The knowledge of road traffic parameters is of crucial importance to ensure state-of-the-art traffic services either in public or private transport. In our days, a plethora of road traffic data are continuously collected producing historical and real-time traffic information as well. The available information, however, arrive from inhomogeneous sensor systems. Therefore, a data fusion methodologies are proposed based on the Switching Kalman Filter and the Kalman/H-infinity Filter. The concepts enable travel time and traffic volume estimation for urban road traffic networks.
Data fusion is not a specific technique, just an object of making an integrated database of different types of information. Mitchell H. B. (Multi-sensor data fusion: An introduction, New York, Springer, 2007) defines data fusion as follows: ’The theory, techniques and tools which are used for combining sensor data, or data derived from sensory data, into a common representational format. In performing sensor fusion our aim is to improve the quality of the information, so that it is, in some sense, better than would be possible if the data sources were used individually.’
The purpose of the research work was to find an approach that does not use complicated models and only tries to precisely estimate the traffic state of specific urban roads by the fusion of different types of sensor data.


The proposed data fusion methodology is based on the method of the Kalman Filter estimation often used by traffic engineers. This technique is a recursive method for linear filtering of discrete data. The Switching Kalman Filter was applied to travel time estimation from different data sources, e.g. loop-detector data, floating car data or floating mobile data.

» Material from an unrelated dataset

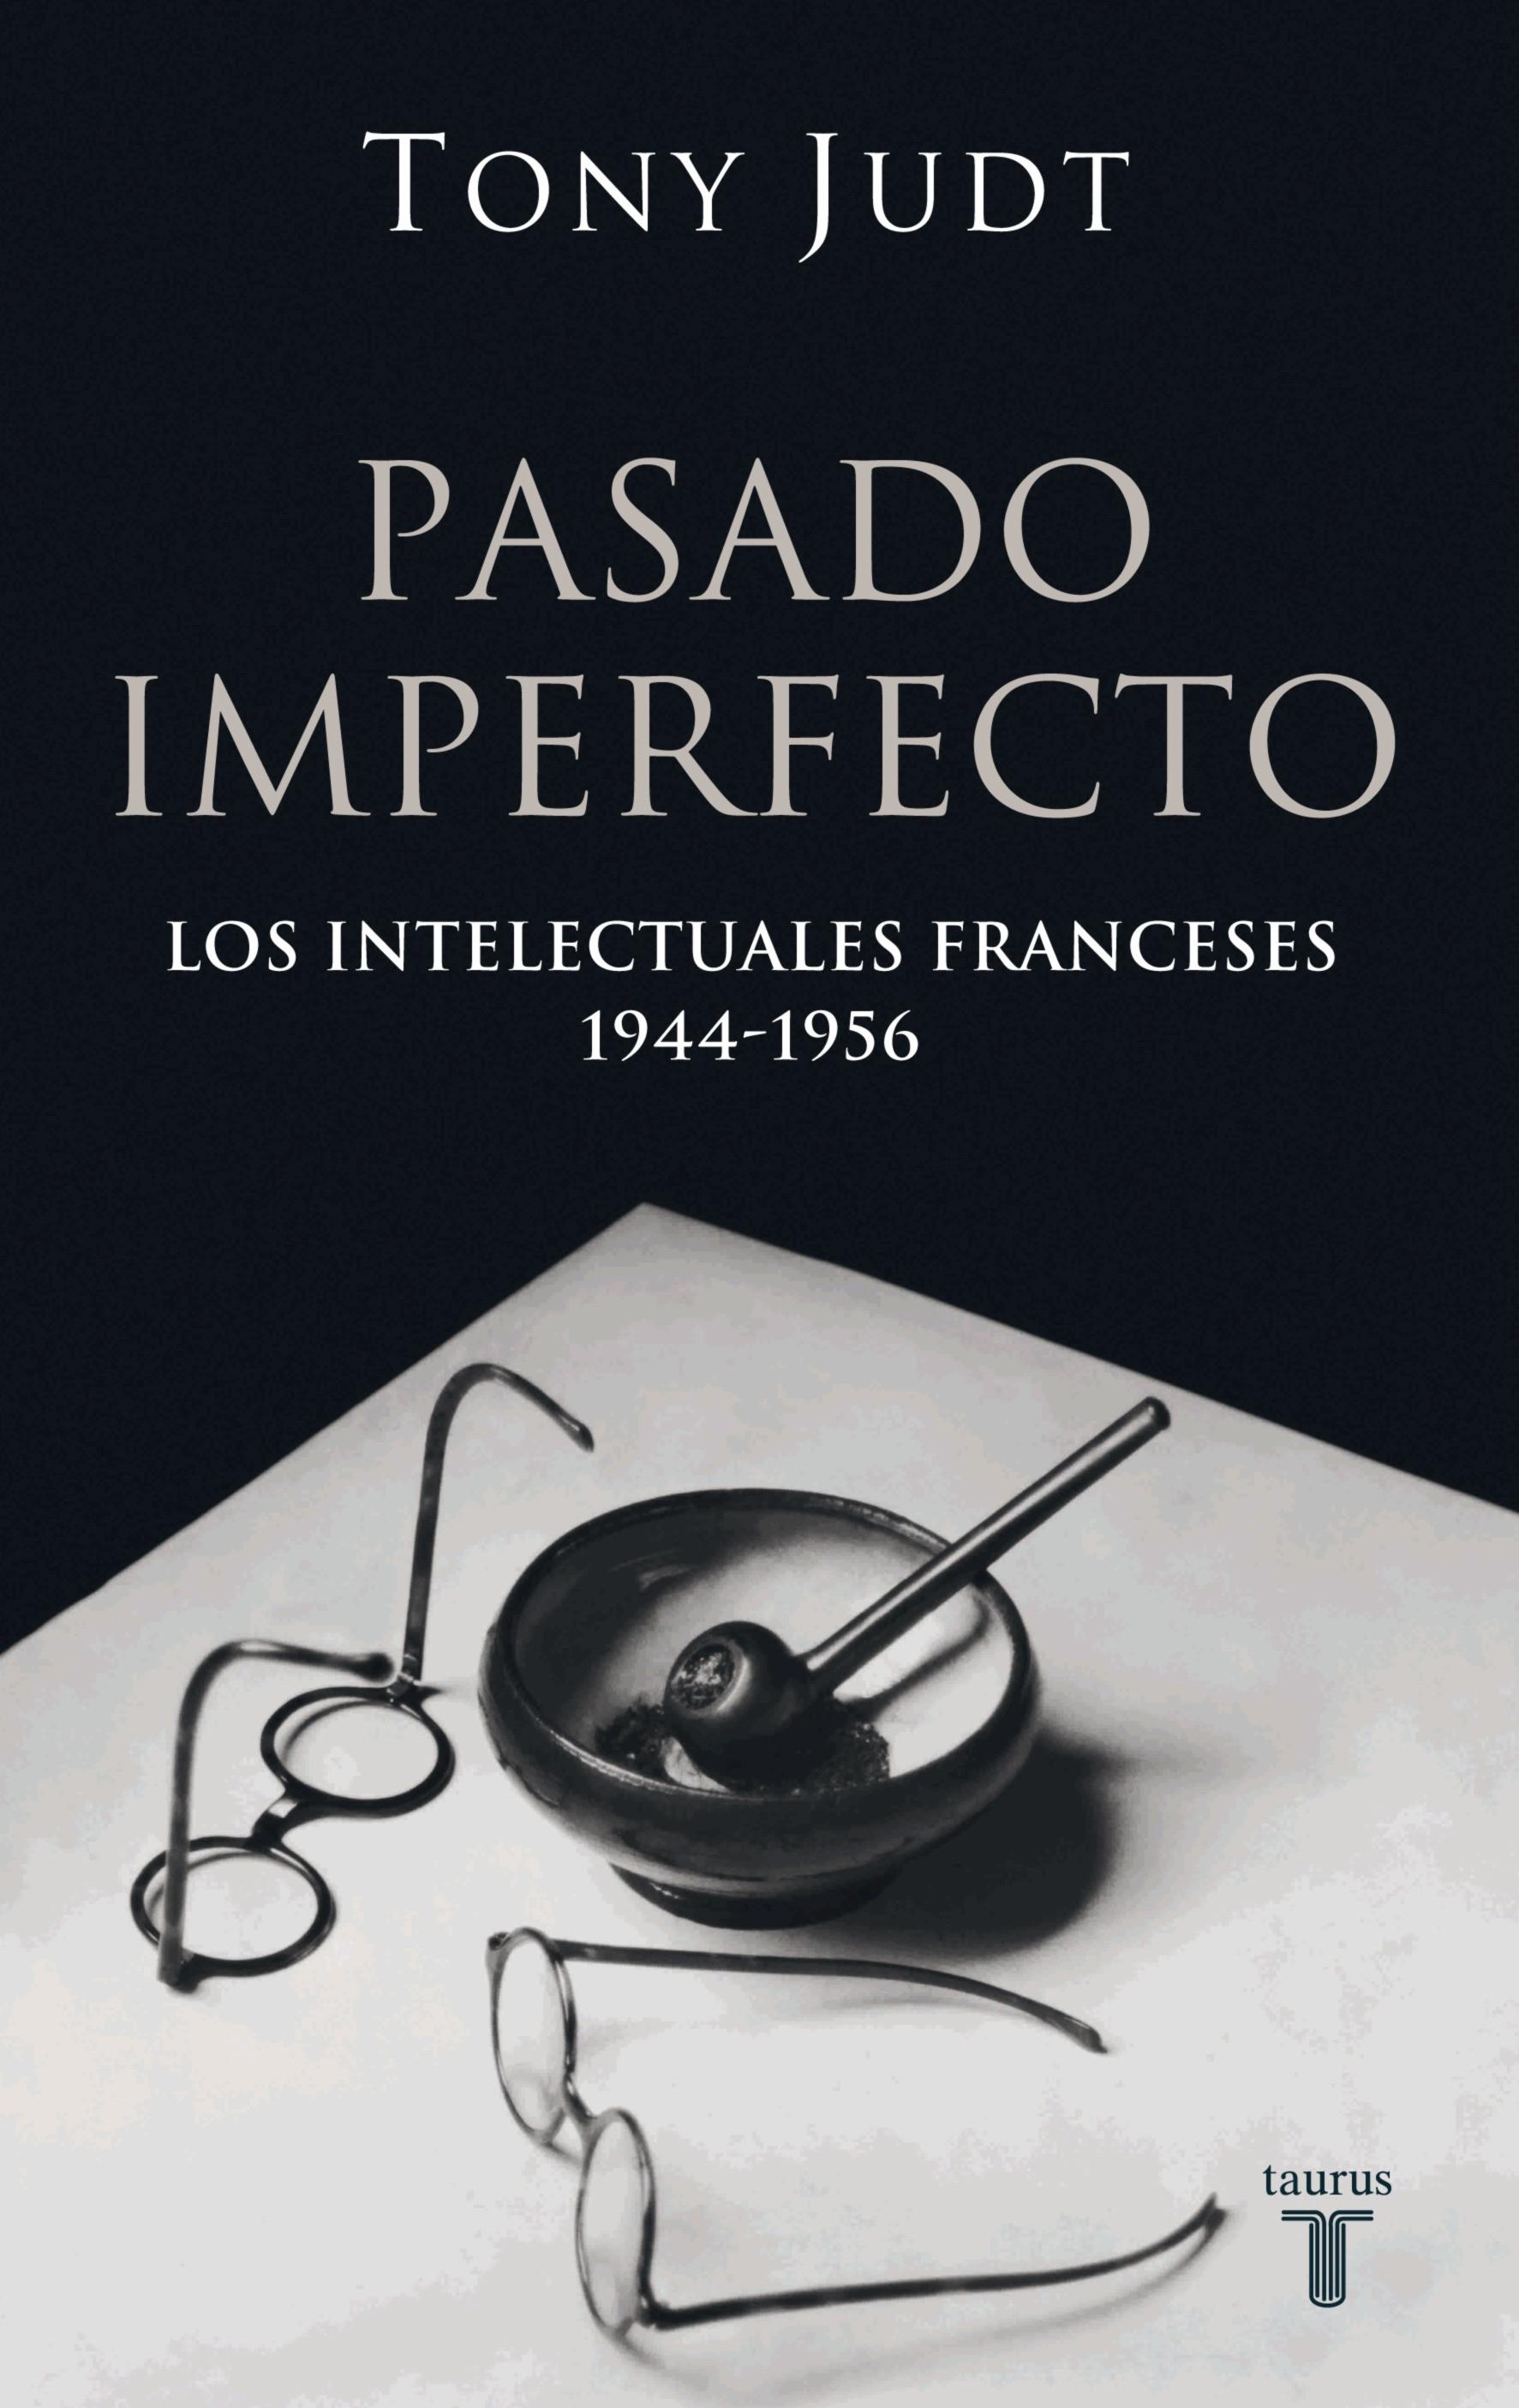 Pasado imperfecto "Los intelectuales franceses 1944-1956"

Another implementation of data fusion was based on the H-infinity Filter, which is a variant of the Kalman Filter. In this research work the number of vehicles was estimated based on loop-detector data and floating car data. The model takes into consideration the uncertainty of turning rates in junctions and also uses different macroscopic traffic models (the Two-fluid model and the fundamental diagram) at the level of links.


The Switching Kalman Filter methodology was implemented in Vissim microscopic traffic simulation software, modeling a real part of the road network in Budapest based on real traffic data.